Psychotherapy Finances

November 26, 2010

States seek waivers to medical loss ratio requirements

Filed under: Uncategorized — Administrator @ 10:10 pm

As we noted in an item published a few weeks ago, the National Association of Insurance Commissioners (NAIC) approved recommendations on the medical loss ratio issue — how much of their revenues insurance companies should be required to spend on actual patient care.

Insurance companies have been complaining about it ever since, and approval of the regulations did not put the matter to rest.

The controversy is not so much the number, which is 80% for small-group plans and 85% for large-group plans, but what services should be included in that figure. The insurance industry, for example, wanted the cost of agents selling policies to be considered a medical cost.

The NAIC said no, and its position has been backed by Health and Human Services Secretary Kathleen Sebelius. Plans that go over the limit will have to issue rebates to the public starting in 2012.

But now two states, Florida and Iowa, are preparing to ask for a waiver on this provision through 2014, when the full weight of the new law goes into effect. And of course there’s now considerable reason, with Republican control of the House, for insurers to hope that the provisions like this one won’t go into effect at all.

Similar requests for waivers are under consideration in Maine, South Carolina and Georgia, according to Wednesday’s St. Petersburg Times.

The Florida Office of Insurance Regulation (OIR) believes that the medical-loss ratio provision would be “disruptive” to the state’s insurance industry, and that it would put smaller companies out of business.

The South Florida Business Journal said on Tuesday: “The OIR has expressed concern that these ratios could destabilize the marketplace because smaller companies might not be able to meet the requirement.
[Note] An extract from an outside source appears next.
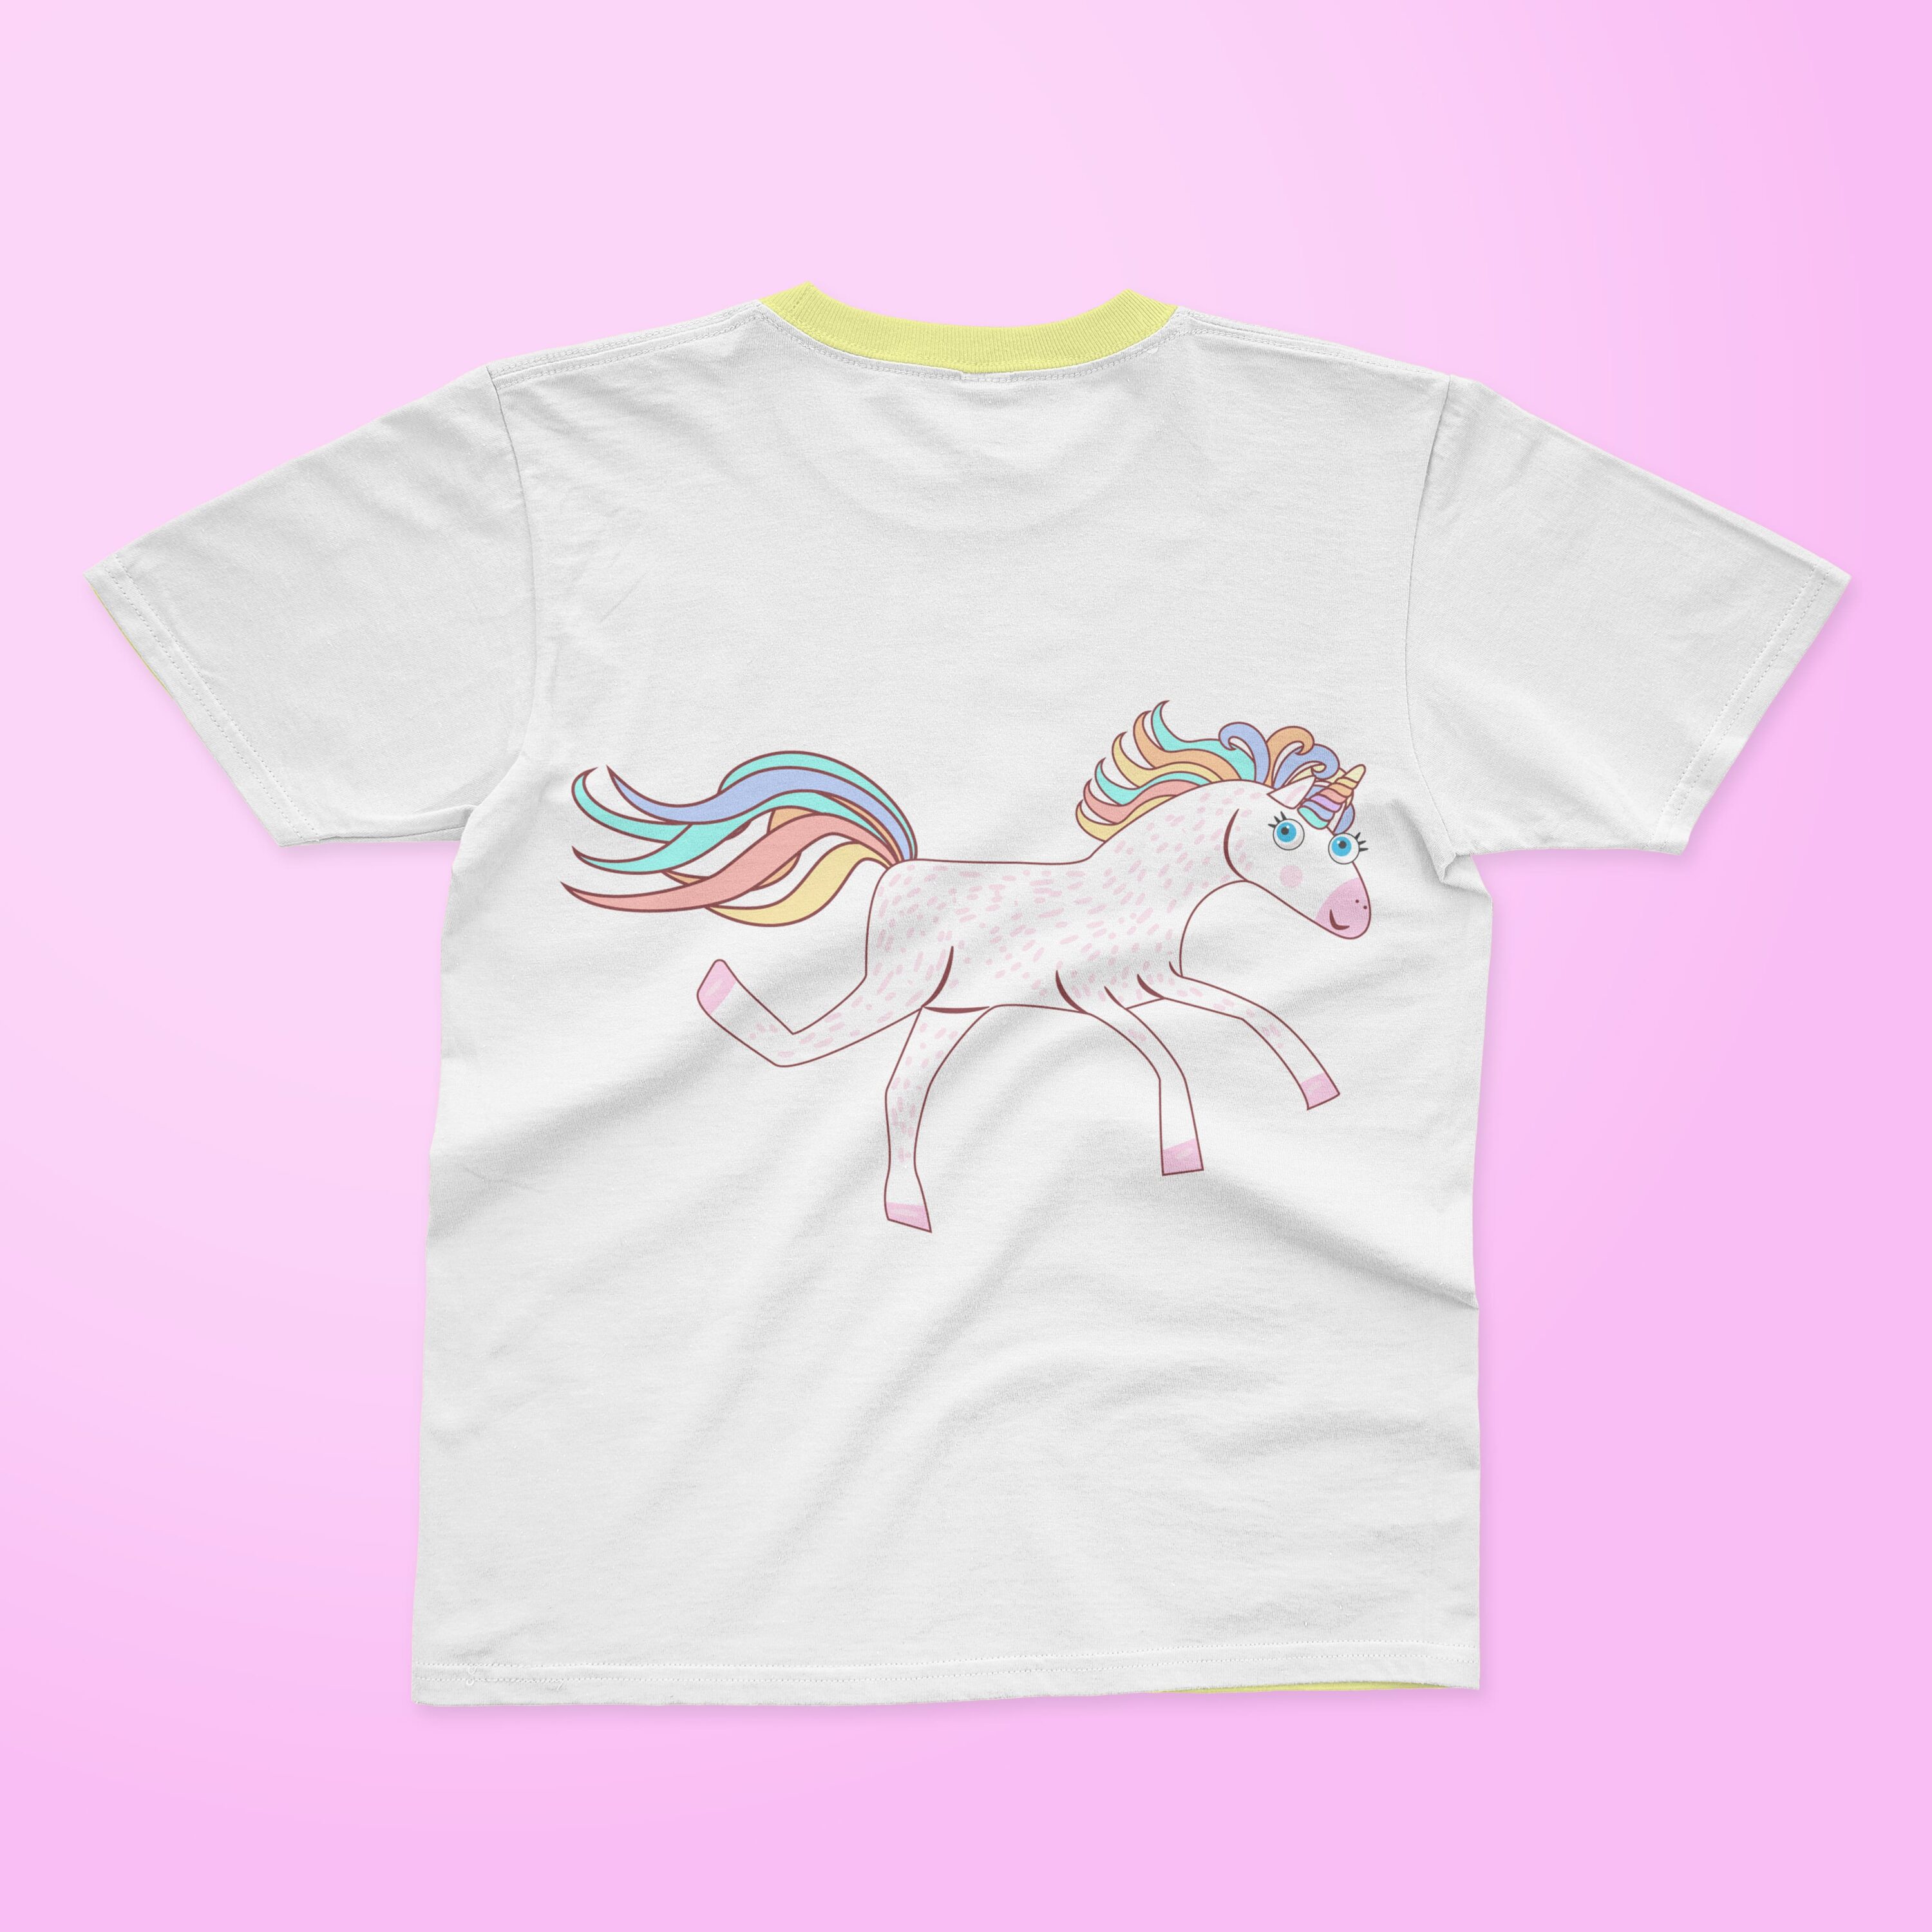 White t-shirt with a yellow collar and a cute running unicorn on a pink background.

It also is worried that insurance agents could get squeezed out of the market because their fees aren’t considered medical costs.”

And there would be a profit squeeze, to be sure. One Florida subsidiary of United Healthcare, according to the Times, would be forced to pay more than $38 million in rebates to 119,000 state policy holders under the provision.

The Obama administration has been granting waivers to some non-compliant health plans, such as those offered by McDonald’s. The question is, will officials continue to negotiate, or begin taking a more hard-line stance?